Filtering the records below, copy only those lines that include the word "Sets".

[THE DATA]
· · · ·

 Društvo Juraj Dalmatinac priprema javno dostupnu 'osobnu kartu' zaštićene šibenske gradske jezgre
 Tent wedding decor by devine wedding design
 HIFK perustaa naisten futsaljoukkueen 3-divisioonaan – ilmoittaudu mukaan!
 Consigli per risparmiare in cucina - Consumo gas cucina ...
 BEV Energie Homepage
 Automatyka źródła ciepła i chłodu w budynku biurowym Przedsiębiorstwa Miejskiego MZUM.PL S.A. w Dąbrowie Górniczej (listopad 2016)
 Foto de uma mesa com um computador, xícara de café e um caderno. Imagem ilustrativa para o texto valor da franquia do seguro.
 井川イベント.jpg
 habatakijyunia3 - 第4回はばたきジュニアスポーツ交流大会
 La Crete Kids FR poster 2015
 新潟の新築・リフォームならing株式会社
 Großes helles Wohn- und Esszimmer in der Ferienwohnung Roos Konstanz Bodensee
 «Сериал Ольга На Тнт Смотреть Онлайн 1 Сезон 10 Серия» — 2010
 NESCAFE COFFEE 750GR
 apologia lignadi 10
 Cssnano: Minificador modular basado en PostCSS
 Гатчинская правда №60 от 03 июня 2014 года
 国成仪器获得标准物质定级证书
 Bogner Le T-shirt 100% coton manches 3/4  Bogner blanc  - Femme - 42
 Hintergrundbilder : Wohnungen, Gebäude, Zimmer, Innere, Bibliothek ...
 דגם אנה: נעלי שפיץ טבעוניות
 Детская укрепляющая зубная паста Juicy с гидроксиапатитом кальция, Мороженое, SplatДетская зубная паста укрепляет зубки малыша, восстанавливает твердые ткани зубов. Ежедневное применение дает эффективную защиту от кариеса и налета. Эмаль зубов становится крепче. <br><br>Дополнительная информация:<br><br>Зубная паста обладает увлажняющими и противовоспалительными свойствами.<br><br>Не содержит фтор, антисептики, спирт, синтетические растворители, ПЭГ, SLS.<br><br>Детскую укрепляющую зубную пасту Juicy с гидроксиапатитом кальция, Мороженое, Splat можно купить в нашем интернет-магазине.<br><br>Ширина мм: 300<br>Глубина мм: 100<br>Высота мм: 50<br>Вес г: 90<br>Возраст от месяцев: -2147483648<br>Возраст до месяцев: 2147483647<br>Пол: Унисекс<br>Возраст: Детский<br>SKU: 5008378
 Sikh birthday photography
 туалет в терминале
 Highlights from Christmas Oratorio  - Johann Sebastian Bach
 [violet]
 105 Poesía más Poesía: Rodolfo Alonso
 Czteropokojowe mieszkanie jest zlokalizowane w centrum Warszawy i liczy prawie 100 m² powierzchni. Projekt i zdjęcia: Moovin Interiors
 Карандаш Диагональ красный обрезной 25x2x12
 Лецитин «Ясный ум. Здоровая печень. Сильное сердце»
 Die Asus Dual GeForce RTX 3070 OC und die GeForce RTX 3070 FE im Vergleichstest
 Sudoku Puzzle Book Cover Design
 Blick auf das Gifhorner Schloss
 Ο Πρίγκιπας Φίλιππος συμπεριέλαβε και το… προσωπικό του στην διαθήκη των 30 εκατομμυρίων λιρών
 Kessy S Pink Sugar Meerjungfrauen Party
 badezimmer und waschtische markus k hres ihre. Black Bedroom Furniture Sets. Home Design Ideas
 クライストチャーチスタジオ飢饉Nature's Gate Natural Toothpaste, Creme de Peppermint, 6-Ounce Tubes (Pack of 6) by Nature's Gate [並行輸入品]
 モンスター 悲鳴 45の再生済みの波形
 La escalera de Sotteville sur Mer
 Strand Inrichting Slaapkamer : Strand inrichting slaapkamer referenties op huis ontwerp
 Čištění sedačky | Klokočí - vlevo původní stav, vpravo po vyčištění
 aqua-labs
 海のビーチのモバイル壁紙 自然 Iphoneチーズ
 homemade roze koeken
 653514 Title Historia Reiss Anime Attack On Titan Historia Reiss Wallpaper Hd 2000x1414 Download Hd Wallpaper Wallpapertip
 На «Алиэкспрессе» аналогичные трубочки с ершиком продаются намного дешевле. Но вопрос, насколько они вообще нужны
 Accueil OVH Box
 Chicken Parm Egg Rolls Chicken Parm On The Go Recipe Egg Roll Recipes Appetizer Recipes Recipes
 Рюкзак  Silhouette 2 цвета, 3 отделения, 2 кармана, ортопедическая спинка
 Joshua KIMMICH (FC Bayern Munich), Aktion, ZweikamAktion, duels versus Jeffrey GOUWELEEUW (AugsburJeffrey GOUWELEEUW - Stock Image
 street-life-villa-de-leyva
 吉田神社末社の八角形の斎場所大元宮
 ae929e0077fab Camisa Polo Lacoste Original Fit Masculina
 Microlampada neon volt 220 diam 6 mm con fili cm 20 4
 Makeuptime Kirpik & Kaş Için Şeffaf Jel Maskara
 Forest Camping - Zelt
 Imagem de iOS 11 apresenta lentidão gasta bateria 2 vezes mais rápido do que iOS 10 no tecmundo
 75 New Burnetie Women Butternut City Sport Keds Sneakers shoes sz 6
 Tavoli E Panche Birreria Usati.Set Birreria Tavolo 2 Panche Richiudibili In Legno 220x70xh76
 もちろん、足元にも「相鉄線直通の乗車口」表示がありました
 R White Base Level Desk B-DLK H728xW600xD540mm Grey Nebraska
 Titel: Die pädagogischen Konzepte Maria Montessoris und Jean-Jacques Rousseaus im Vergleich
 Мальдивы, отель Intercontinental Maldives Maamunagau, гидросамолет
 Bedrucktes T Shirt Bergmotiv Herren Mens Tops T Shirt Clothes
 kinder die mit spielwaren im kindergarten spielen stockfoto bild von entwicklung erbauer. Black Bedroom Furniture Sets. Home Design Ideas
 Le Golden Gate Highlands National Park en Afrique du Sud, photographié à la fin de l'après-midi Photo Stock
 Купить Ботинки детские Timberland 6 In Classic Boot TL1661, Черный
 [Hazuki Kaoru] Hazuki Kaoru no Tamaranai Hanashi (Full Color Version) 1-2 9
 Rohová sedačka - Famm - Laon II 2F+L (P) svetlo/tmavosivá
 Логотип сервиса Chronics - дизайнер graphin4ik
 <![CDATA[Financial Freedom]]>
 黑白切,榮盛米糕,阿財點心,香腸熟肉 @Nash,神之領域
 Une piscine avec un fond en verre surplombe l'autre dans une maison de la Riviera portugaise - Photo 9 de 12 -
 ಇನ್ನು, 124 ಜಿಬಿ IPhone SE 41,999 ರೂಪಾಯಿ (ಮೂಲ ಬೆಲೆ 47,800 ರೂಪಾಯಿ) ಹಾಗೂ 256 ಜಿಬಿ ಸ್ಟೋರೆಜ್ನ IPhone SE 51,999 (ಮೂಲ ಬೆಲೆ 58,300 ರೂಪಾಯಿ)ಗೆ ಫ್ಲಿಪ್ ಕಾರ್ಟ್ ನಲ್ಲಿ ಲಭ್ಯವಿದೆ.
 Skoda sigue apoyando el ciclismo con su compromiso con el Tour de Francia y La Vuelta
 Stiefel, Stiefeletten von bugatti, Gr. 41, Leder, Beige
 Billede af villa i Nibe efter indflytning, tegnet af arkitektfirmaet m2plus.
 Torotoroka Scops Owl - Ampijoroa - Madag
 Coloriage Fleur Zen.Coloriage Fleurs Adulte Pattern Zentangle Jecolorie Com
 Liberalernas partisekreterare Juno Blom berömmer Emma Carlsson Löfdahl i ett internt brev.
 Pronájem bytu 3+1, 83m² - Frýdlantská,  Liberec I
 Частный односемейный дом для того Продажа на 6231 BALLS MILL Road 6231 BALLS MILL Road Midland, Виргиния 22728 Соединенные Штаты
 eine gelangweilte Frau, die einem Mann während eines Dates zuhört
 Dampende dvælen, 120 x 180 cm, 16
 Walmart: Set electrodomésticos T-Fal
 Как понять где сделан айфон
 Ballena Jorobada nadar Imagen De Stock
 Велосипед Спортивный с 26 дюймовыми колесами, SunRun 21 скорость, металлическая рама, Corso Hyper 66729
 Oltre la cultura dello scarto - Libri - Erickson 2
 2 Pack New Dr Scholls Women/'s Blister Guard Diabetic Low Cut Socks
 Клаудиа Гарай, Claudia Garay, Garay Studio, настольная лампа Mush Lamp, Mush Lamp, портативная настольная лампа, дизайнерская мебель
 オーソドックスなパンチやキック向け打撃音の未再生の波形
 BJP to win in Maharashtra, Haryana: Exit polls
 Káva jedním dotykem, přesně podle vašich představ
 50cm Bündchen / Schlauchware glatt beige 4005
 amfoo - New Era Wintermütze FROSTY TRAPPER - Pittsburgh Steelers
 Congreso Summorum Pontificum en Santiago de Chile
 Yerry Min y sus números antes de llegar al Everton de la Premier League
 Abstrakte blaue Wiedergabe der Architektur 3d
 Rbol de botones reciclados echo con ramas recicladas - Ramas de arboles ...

· · · ·

[SOLVED PROBLEM]
 badezimmer und waschtische markus k hres ihre. Black Bedroom Furniture Sets. Home Design Ideas
 kinder die mit spielwaren im kindergarten spielen stockfoto bild von entwicklung erbauer. Black Bedroom Furniture Sets. Home Design Ideas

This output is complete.